[Given records]:
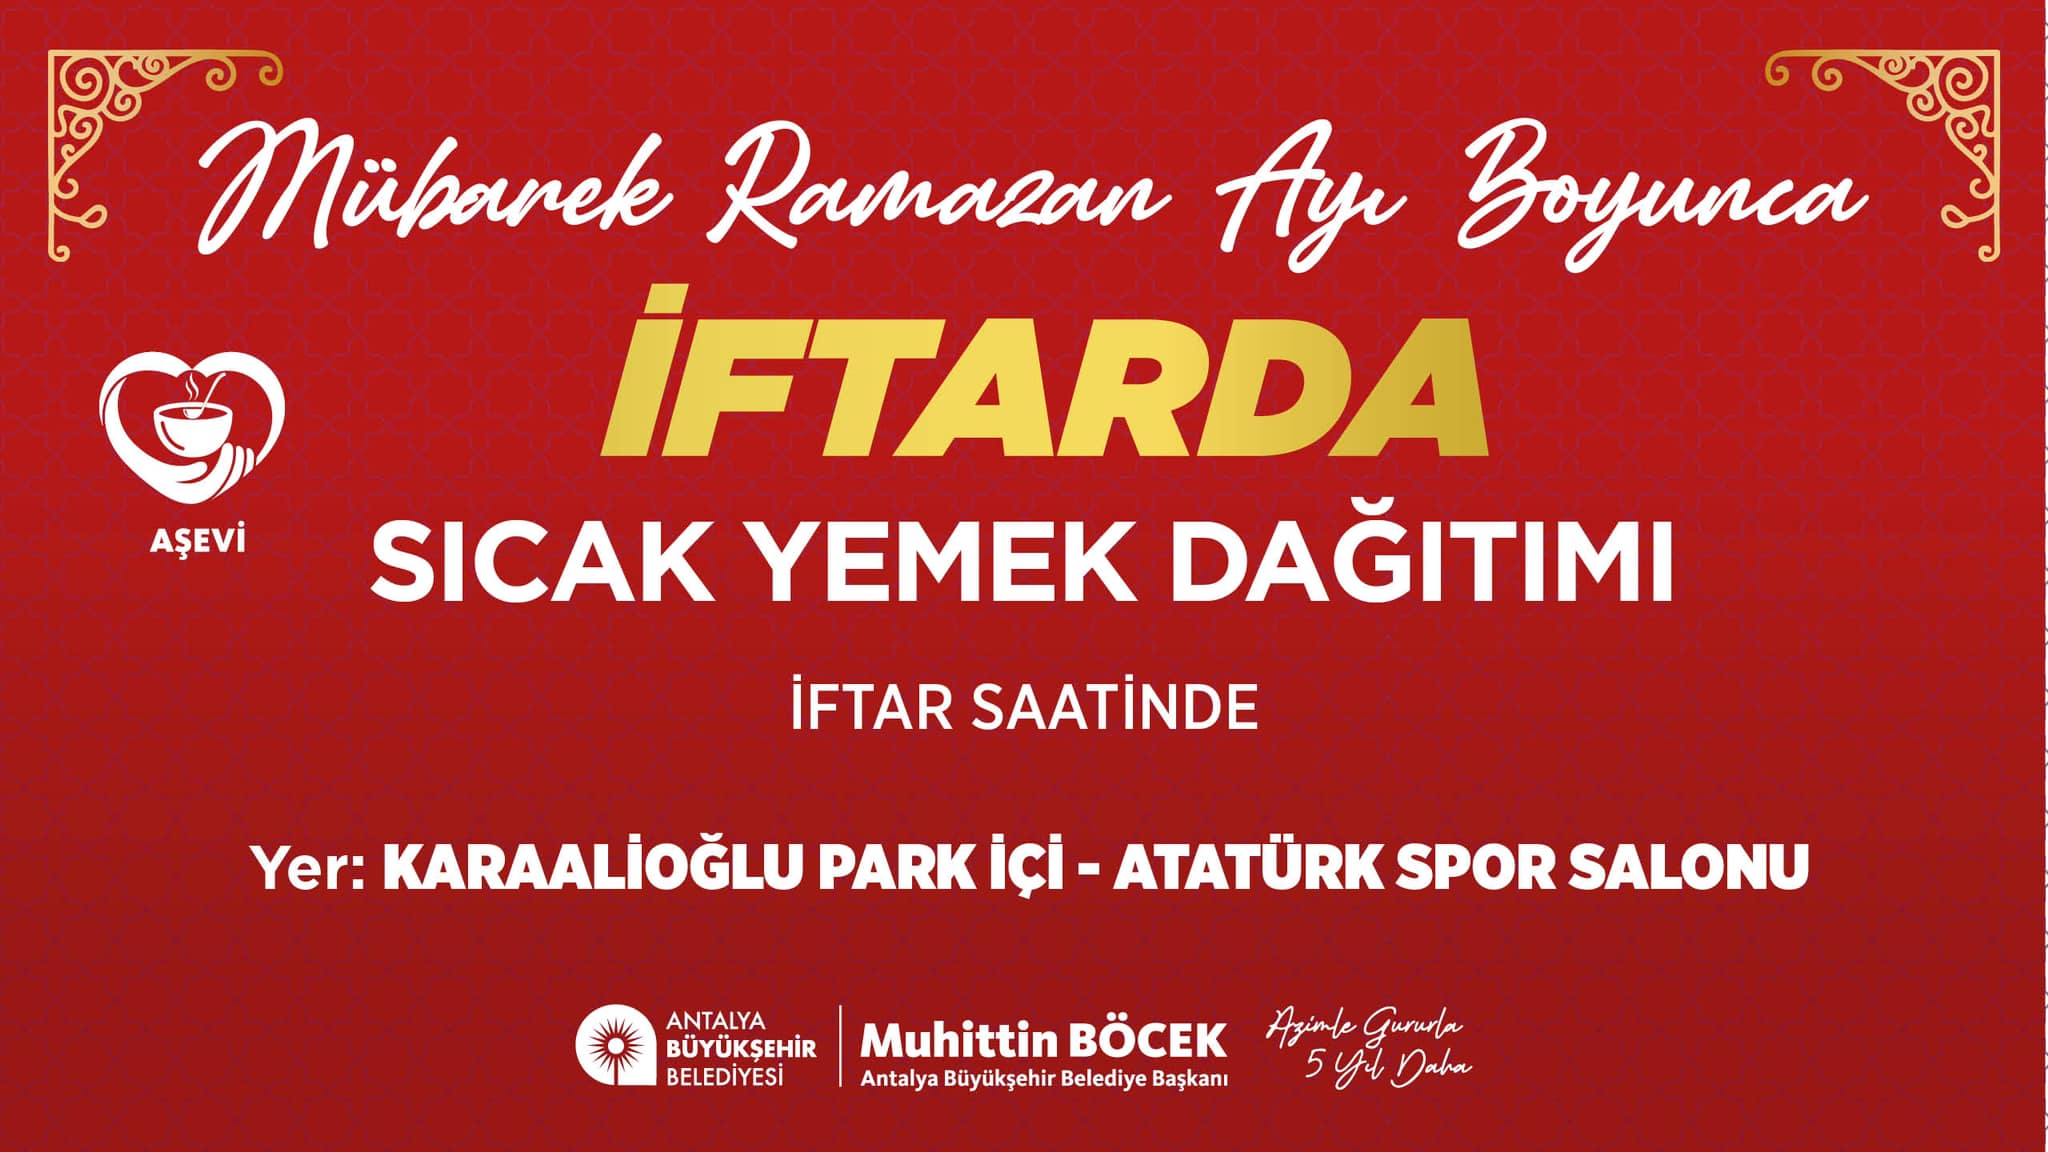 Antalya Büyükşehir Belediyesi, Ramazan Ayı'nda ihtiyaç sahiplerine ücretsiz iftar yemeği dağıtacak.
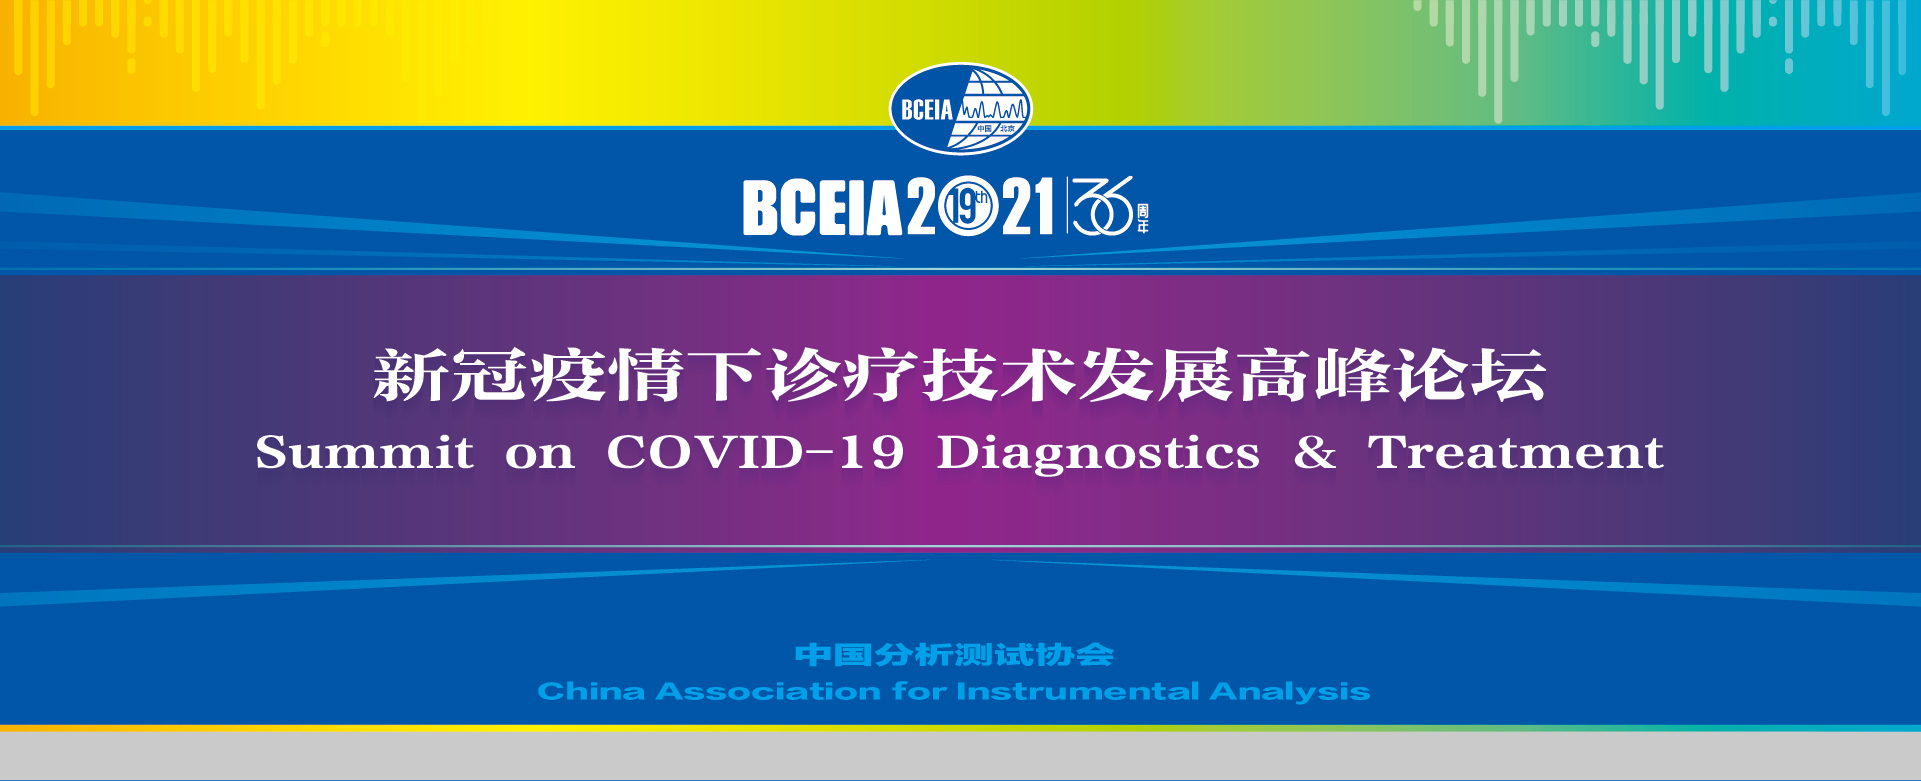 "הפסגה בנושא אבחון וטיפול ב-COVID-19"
...
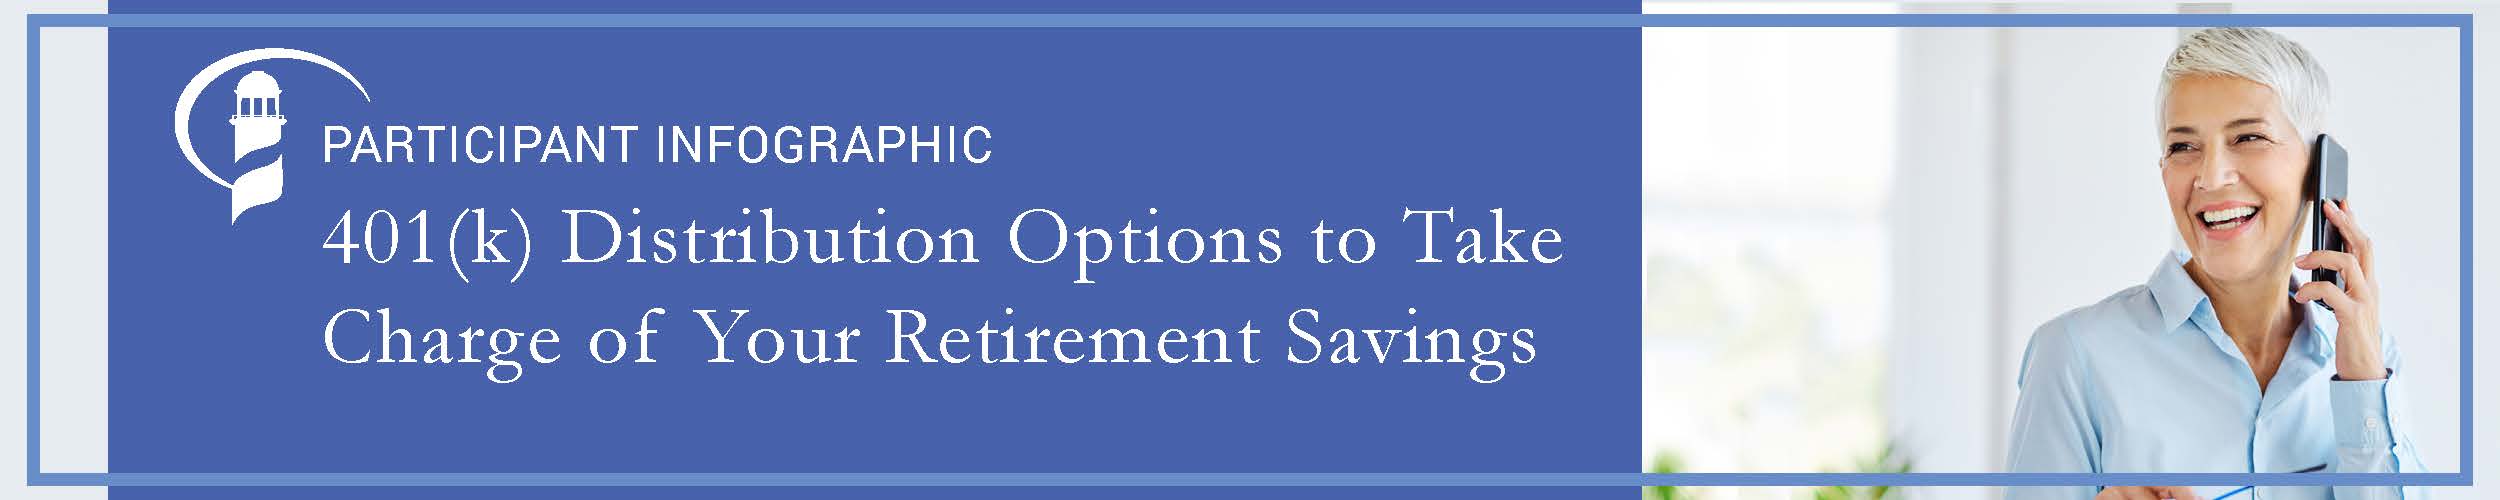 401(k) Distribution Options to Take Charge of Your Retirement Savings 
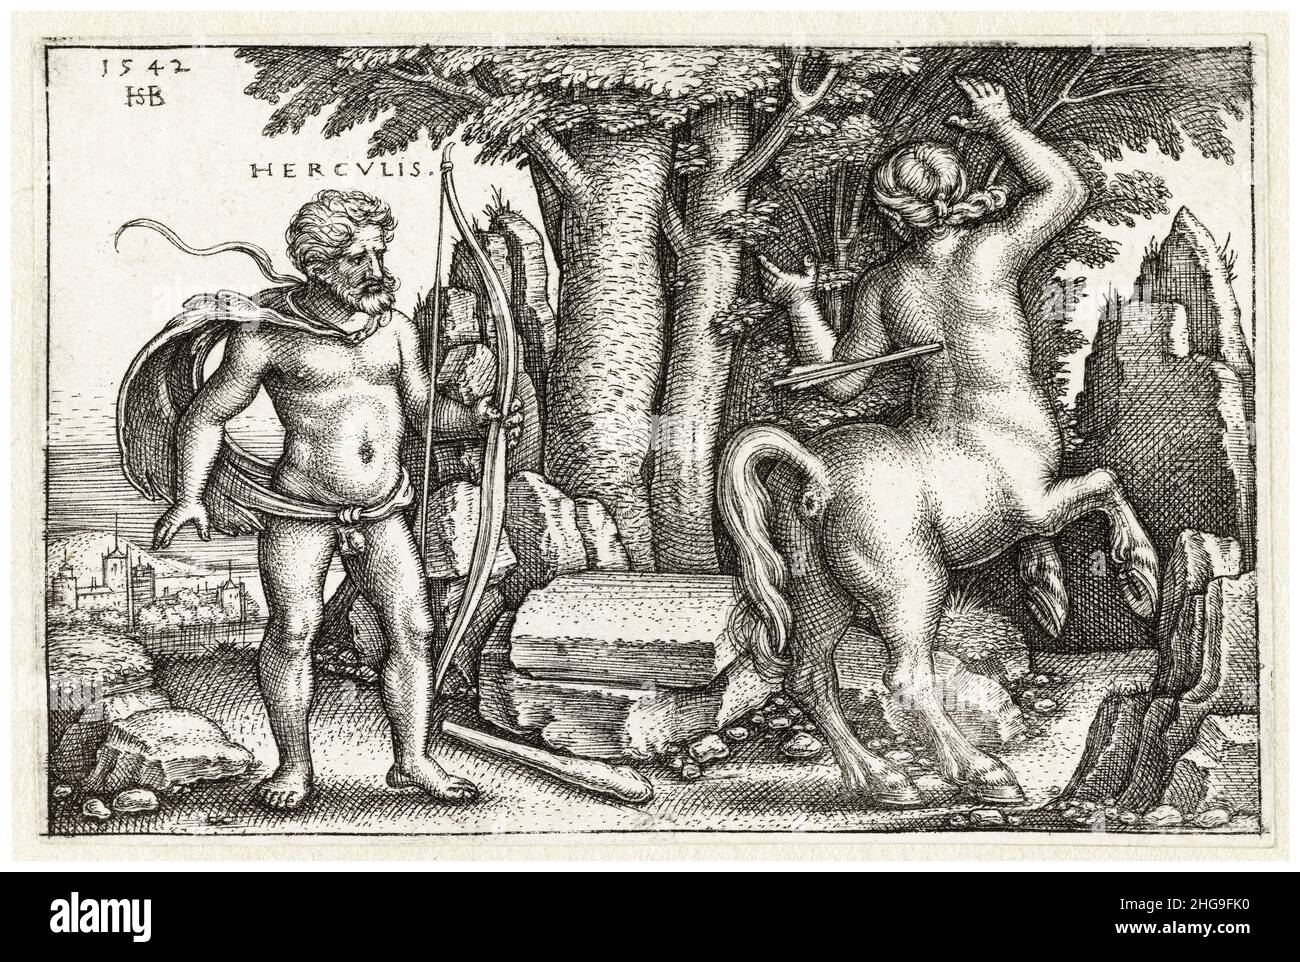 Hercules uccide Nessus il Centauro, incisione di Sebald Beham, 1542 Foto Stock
==
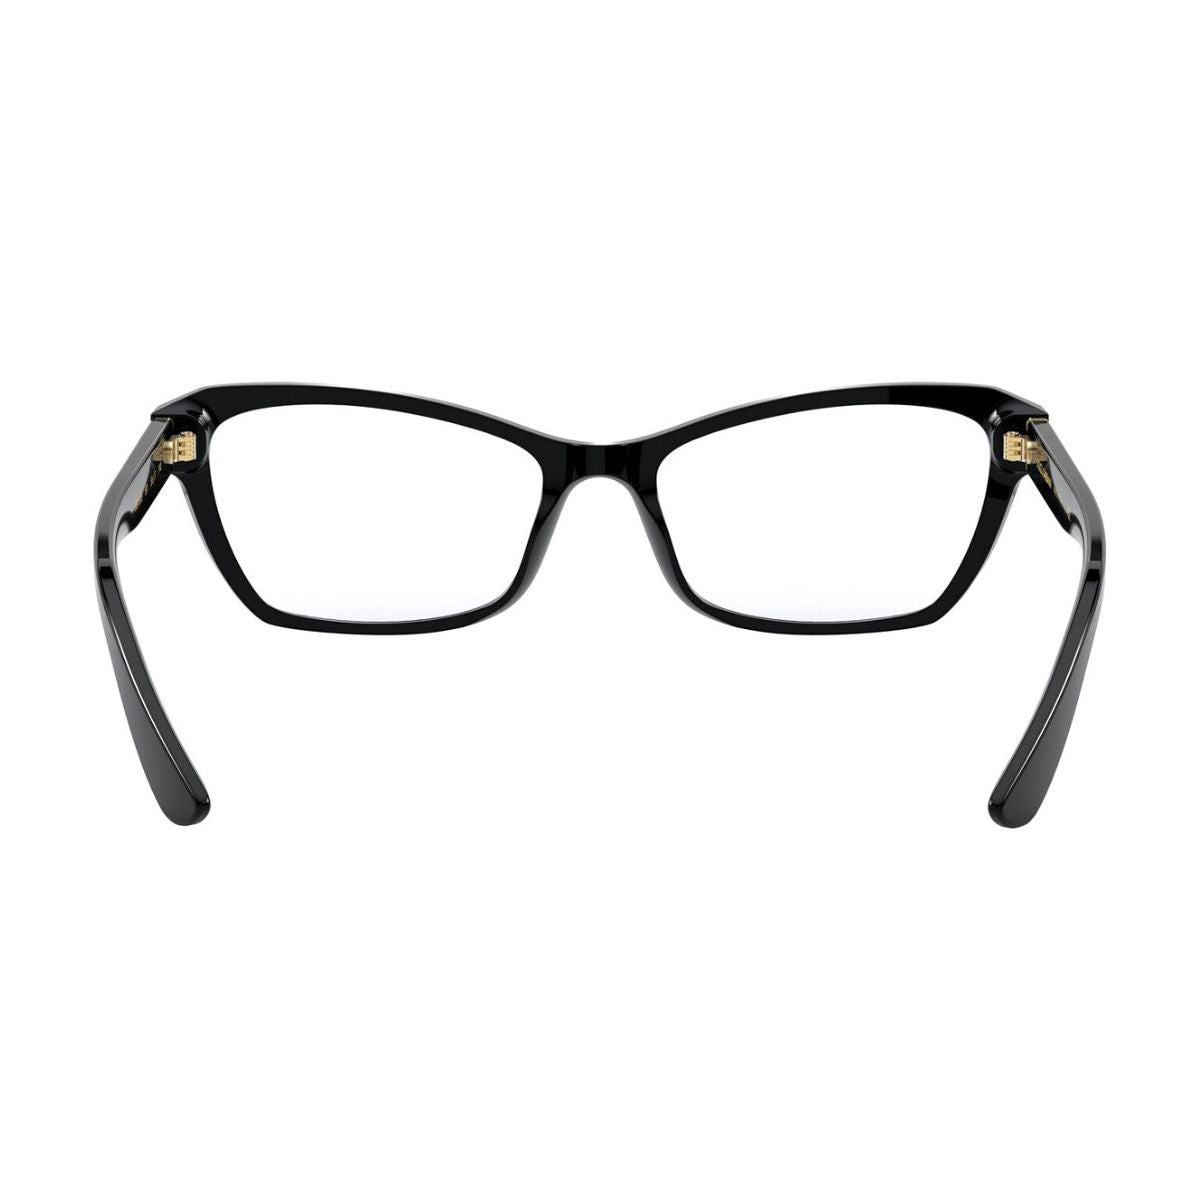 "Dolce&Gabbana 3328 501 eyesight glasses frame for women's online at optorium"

[What the exercise asks]: Now transcribe the lines above exactly, starting at the line containing "401(k) Distribution Options" and ending at the line containing "Hercules uccide Nessus", both lines included, pictures excluded.

[Exercise solution]:
 401(k) Distribution Options to Take Charge of Your Retirement Savings 
 Hercules uccide Nessus il Centauro, incisione di Sebald Beham, 1542 Foto Stock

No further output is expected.